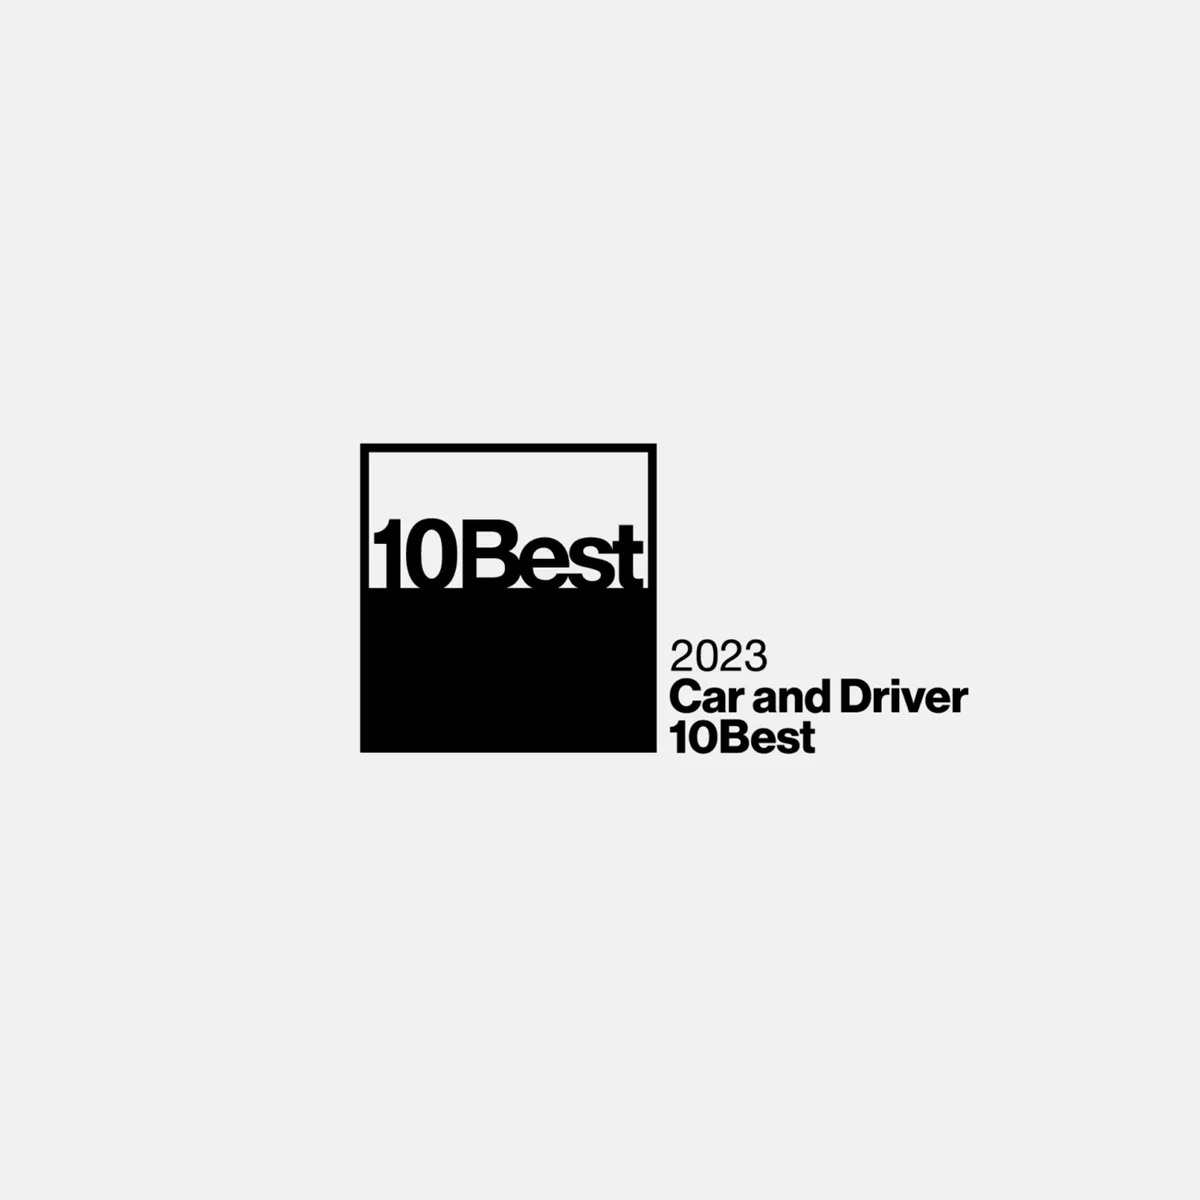 10 Best 2023 Car and Driver 10 best.
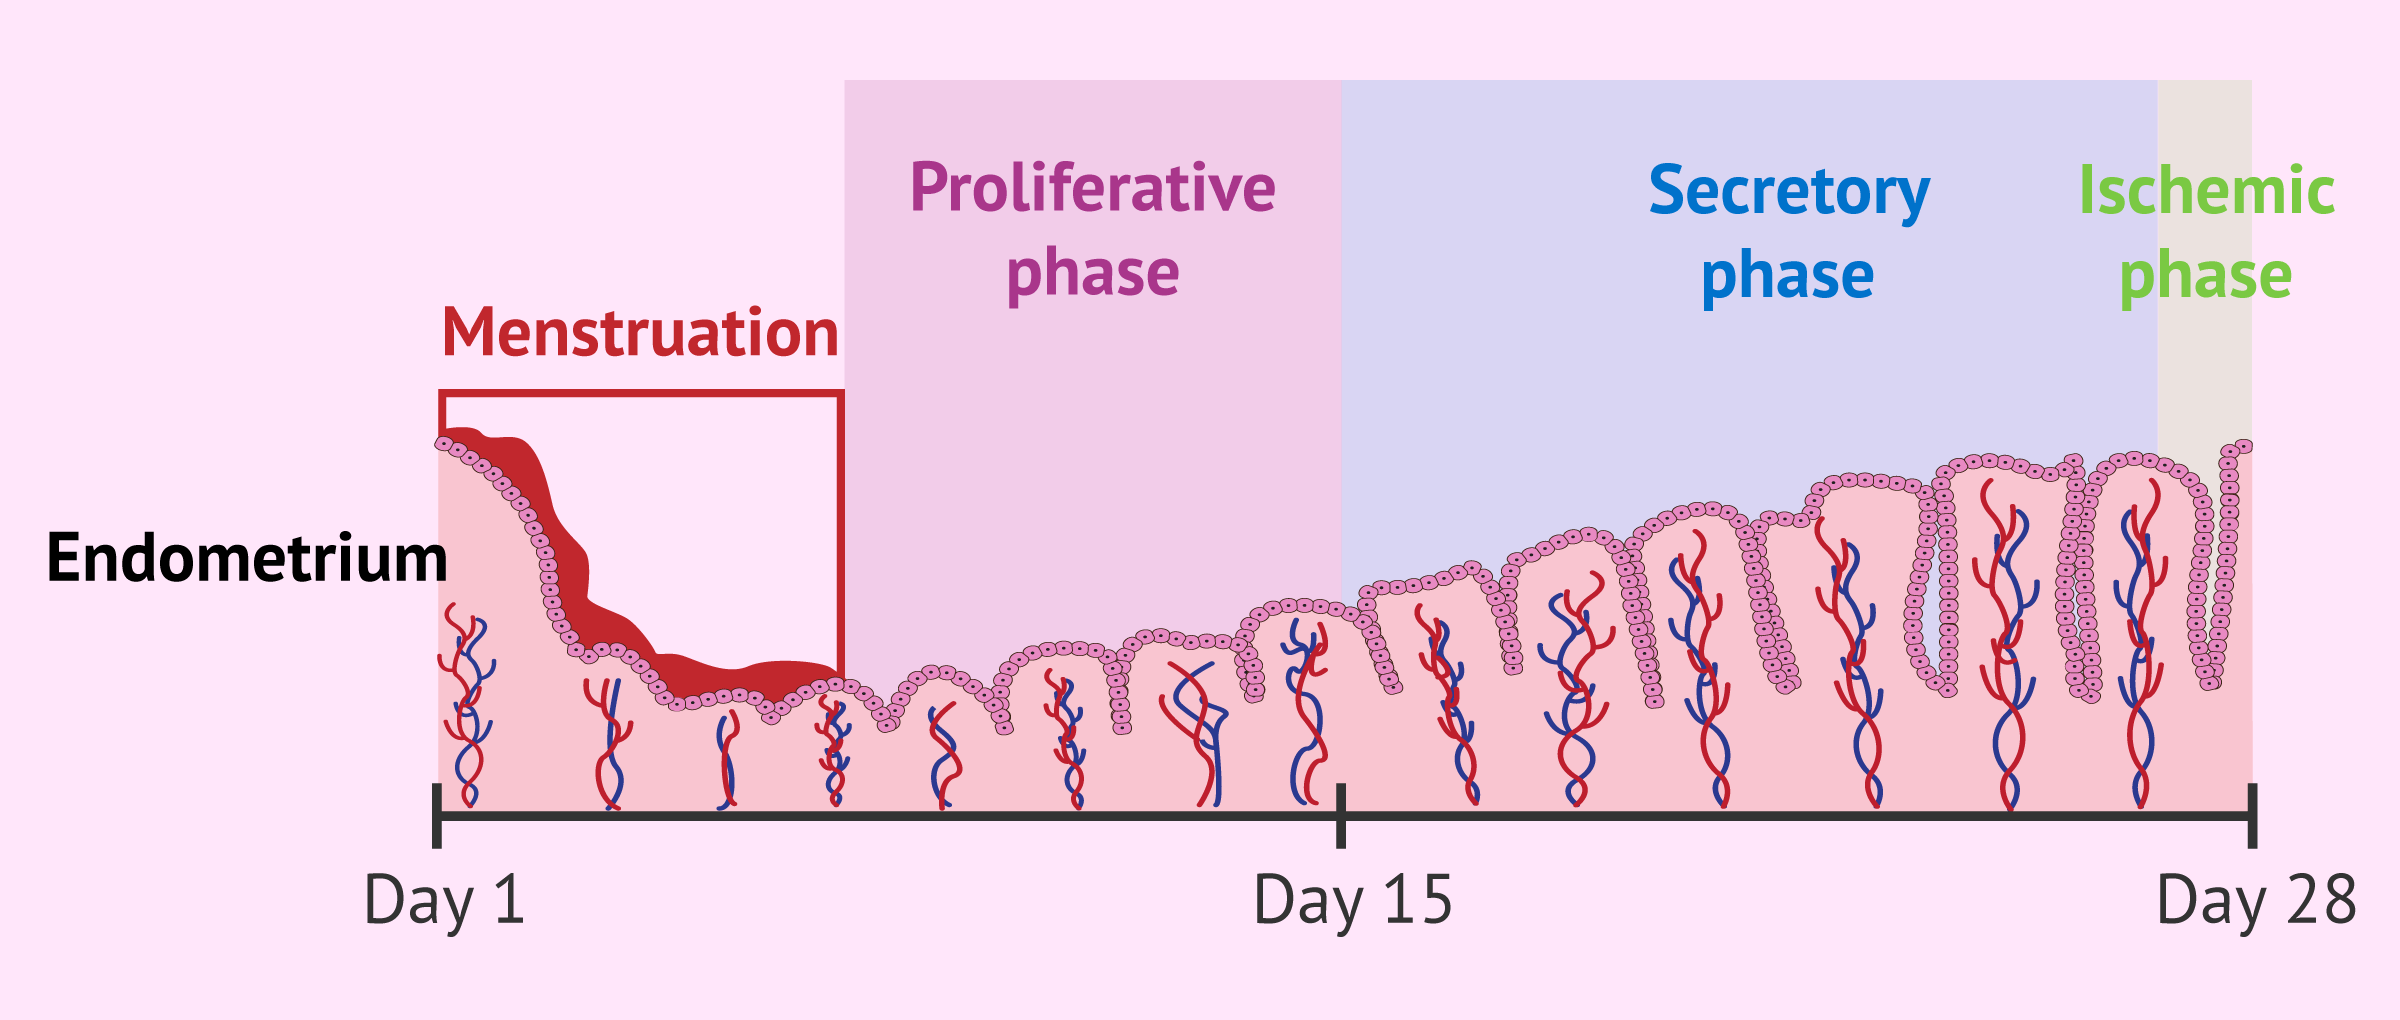 Ischemic phase of the menstrual cycle
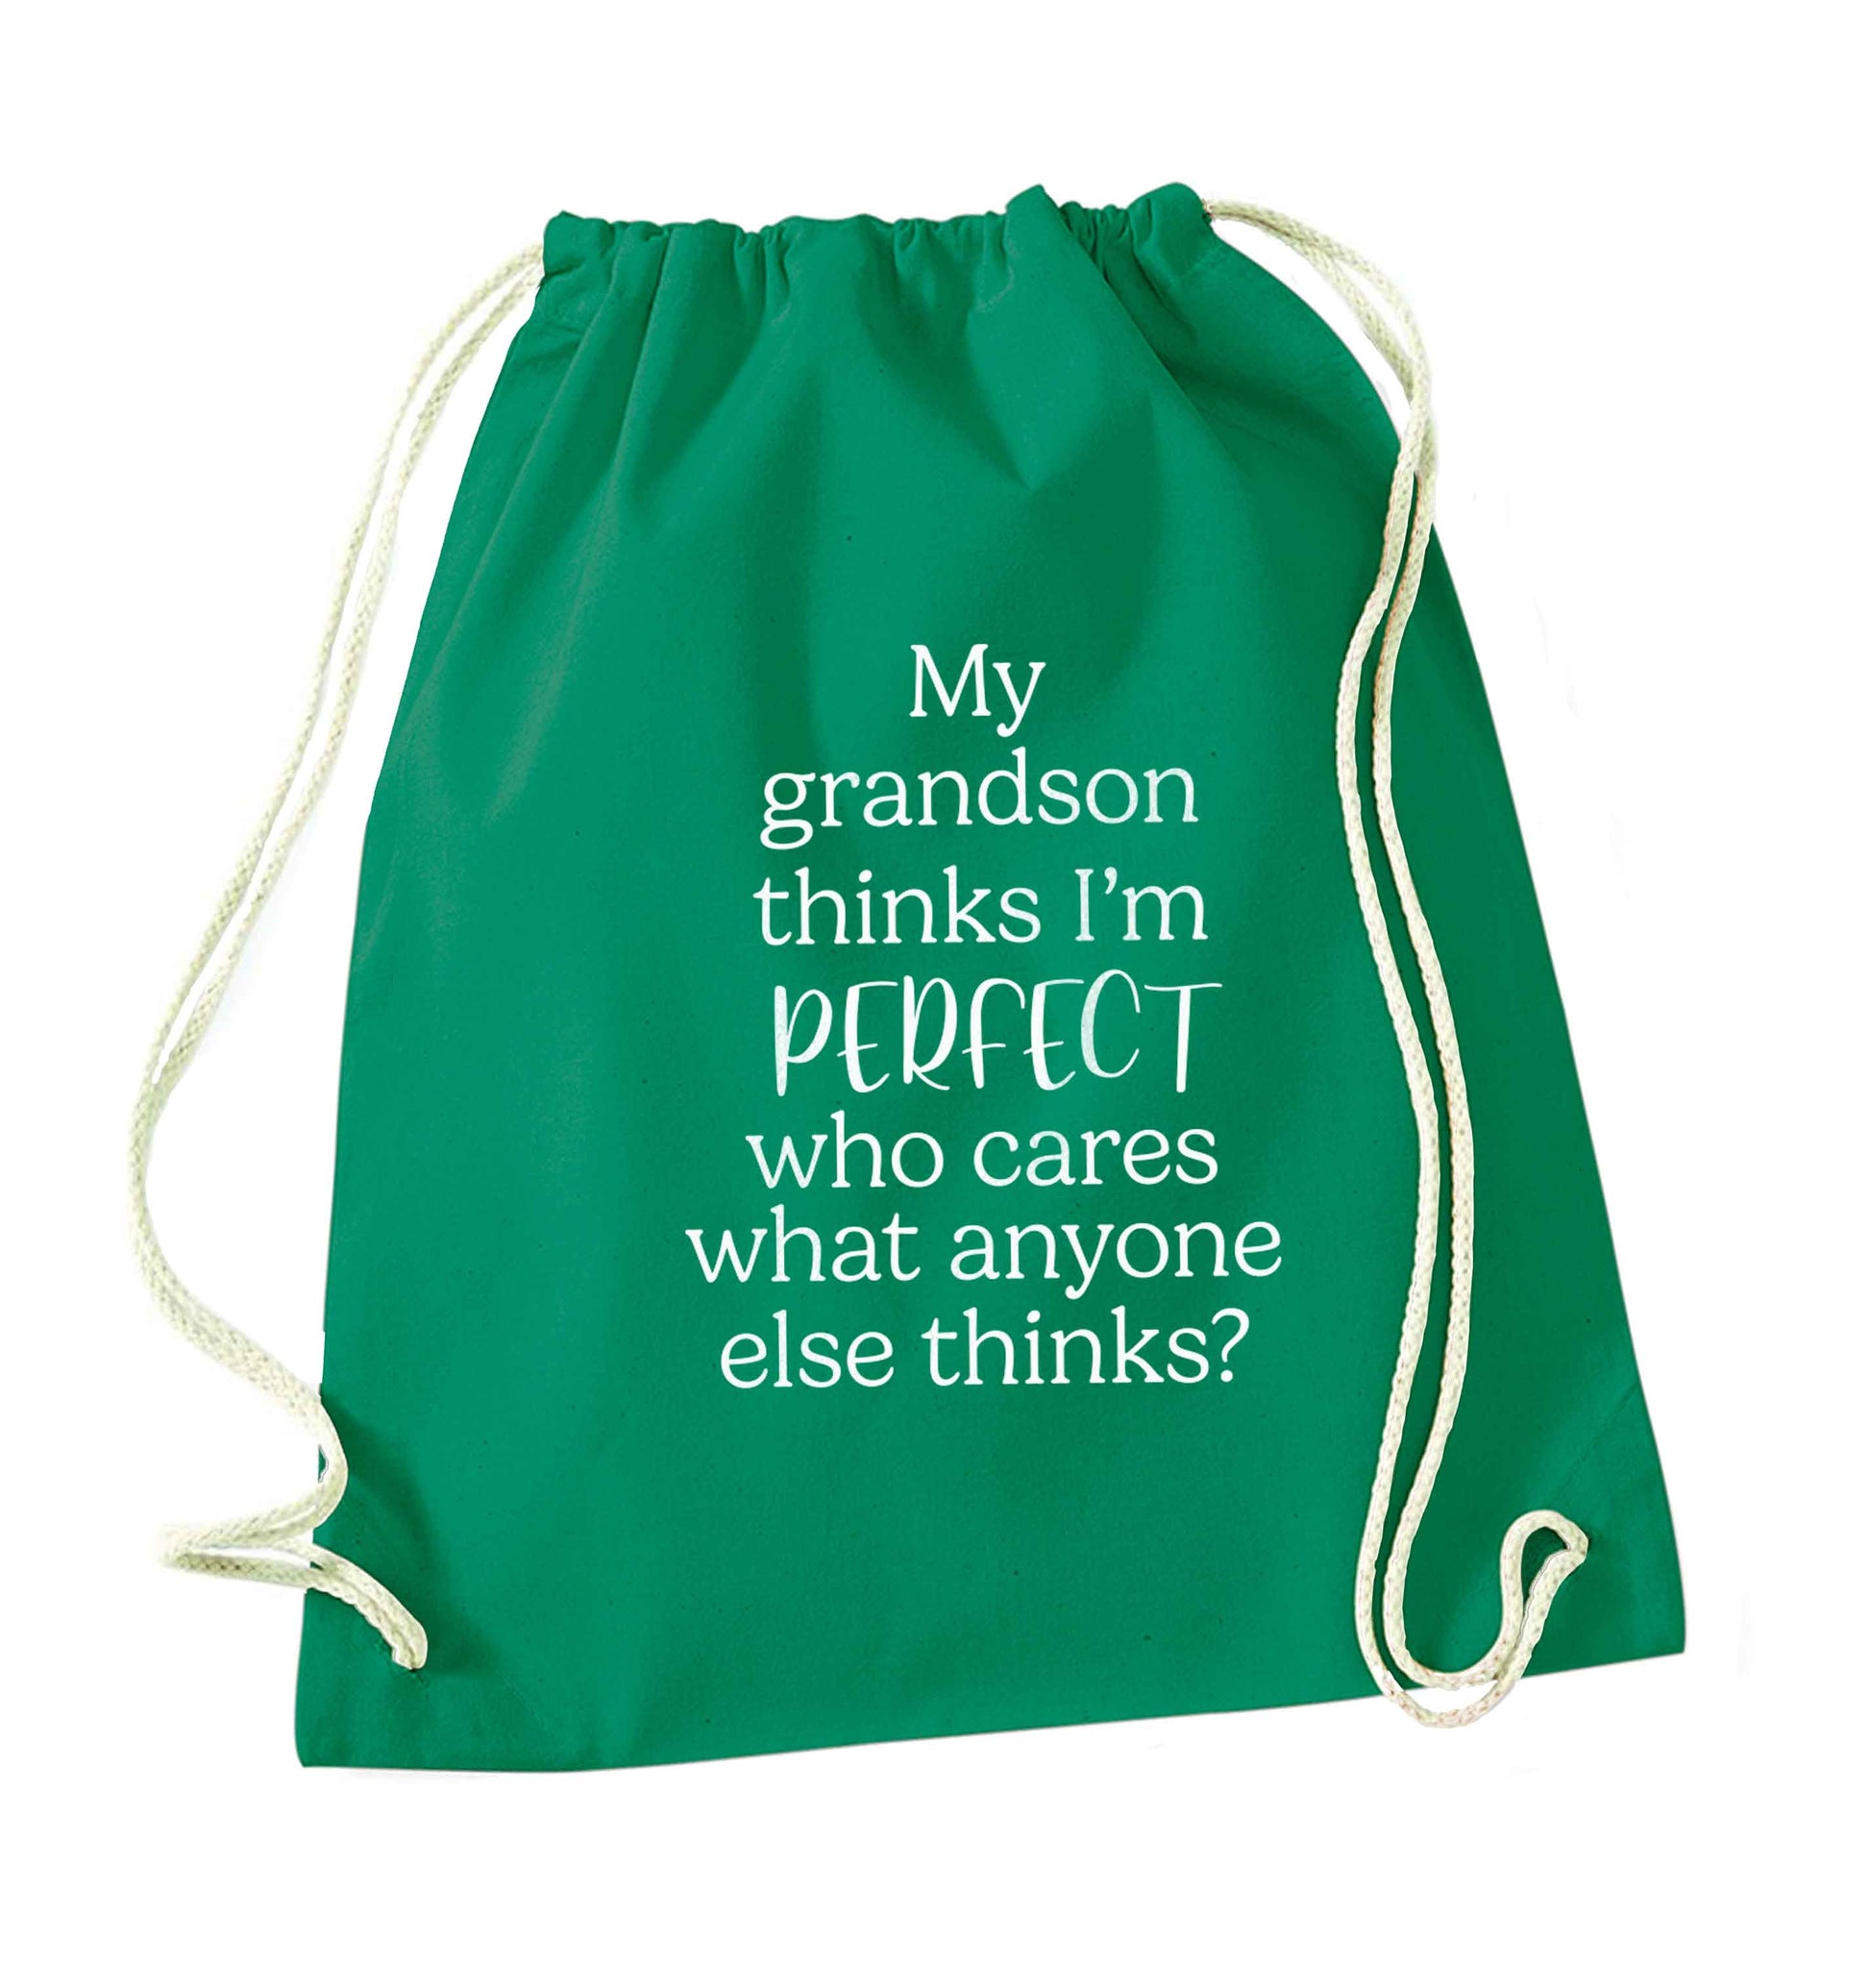 My Grandson thinks I'm perfect who cares what anyone else thinks? green drawstring bag

Problem statement — Images are to be left out; everything else in the material must be written out exactly.

Output for this task —
 10 Best 2023 Car and Driver 10 best.
 Ischemic phase of the menstrual cycle
 My Grandson thinks I'm perfect who cares what anyone else thinks? green drawstring bag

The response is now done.